Personal information
- Full name: Joanne Kay Hill
- Born: 19 June 1973 (age 53) Murray Bridge, South Australia

Medal record
Women's Basketball
Representing Australia
Olympic Games
| Silver medal – second place | 2000 Sydney | Team competition |
World Championships
| Bronze medal – third place | 1998 Germany | Team competition |
World Junior Championships
| Gold medal – first place | 1993 South Korea | Team competition |

= Jo Hill =

Australian basketball player

Joanne Kay Hill (born 19 June 1973) is a former Australian women's basketball player.

==Biography==

Hill played for the Australia women's national basketball team during the late 1990s and early 2000s, and competed at the 2000 Summer Olympics in Sydney, where she won a silver medal. She attended the Australian Institute of Sport in 1992-1993. Hill also represented Australia at the 1998 World Championship in Germany, where she won a bronze medal. In 1993, Hill was a member of Australia's first ever basketball gold medal winning team at the World Championships for Junior Women held in South Korea. While playing for the Opals, Hill was known as a talented and versatile player, who provided spark off the bench.

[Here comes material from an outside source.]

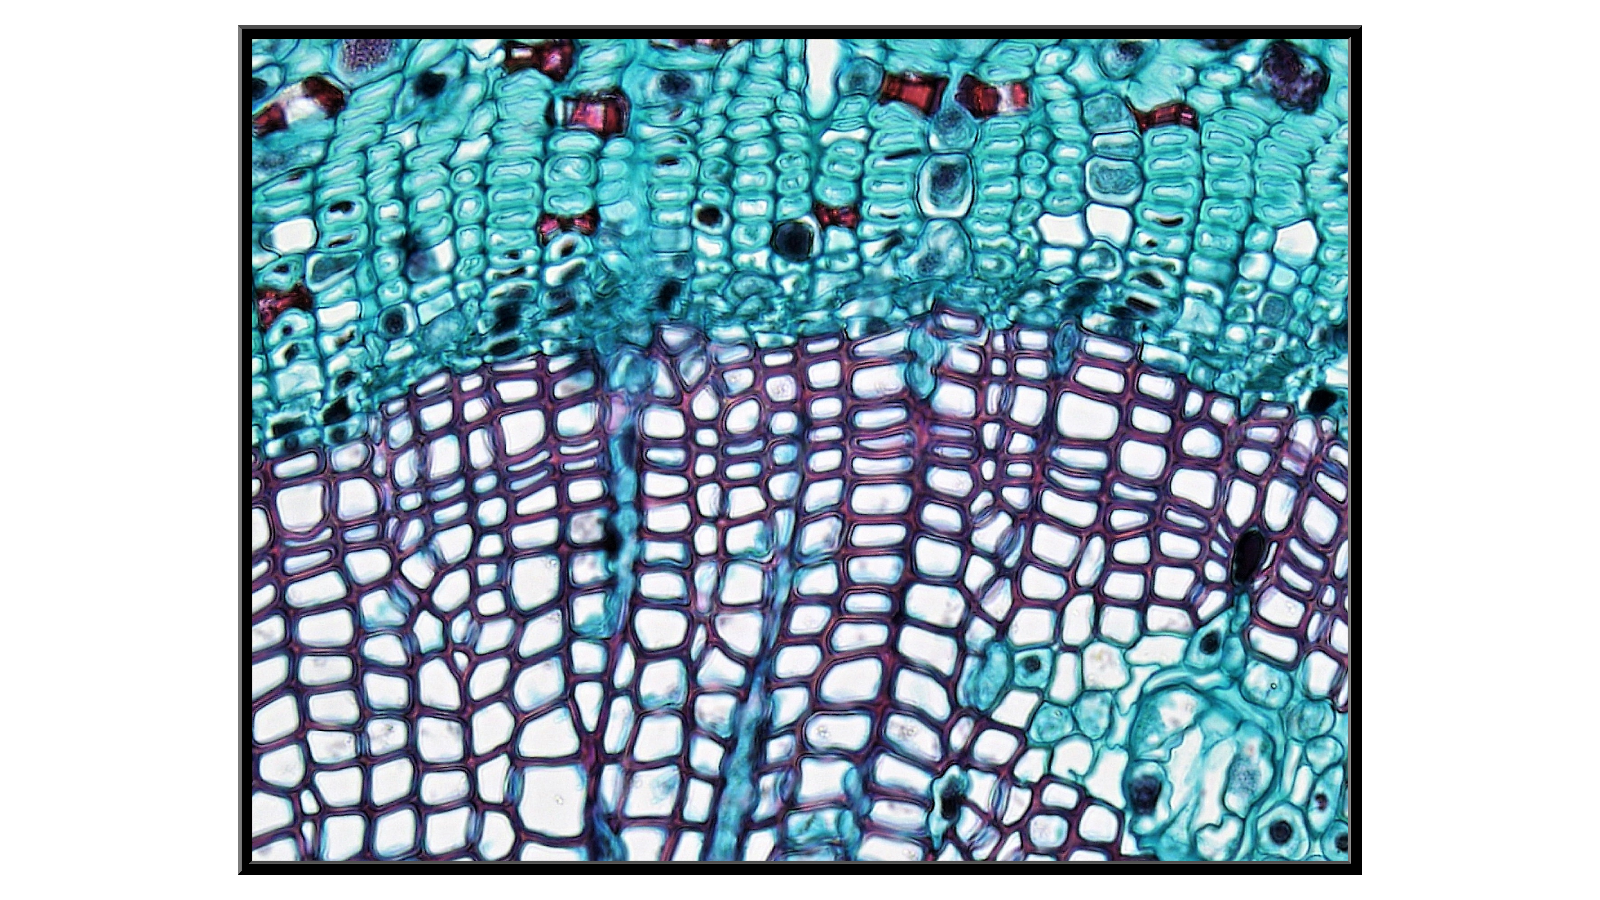 Cross-section of a one-year-old pine stem x400

In the domestic Women's National Basketball League (WNBL) Hill played over 300 games for North Adelaide (1989 - 1991), the Australian Institute of Sport (1992 - 1993), Adelaide Lightning (1994 - 1999/00 and 2011/12), Canberra Capitals (2003/04) and Townsville Fire (2009/10 - 2010/11). Along with Hill, only 8 other players have played 300 or more games in the WNBL. Had Hill not played several seasons in France and Spain during the mid to late 2000s, it was likely that she would have broken the 377 games record held by her former teammate Rachael Sporn and Lucille Baillie.

At 37, Hill announced her retirement from professional basketball at the conclusion of the 2010/11 WNBL season. However, she was enticed out of retirement to return to play for Adelaide Lightning for the 2011-12 season, where she was appointed captain.

===Awards===

In 1993, Hill won the Halls Medal for the best and fairest player in the South Australian Women's competition. In season 1999/00, Hill was named into the WNBL All-Star Five. In 2003/04, Hill was awarded WNBL Life Membership.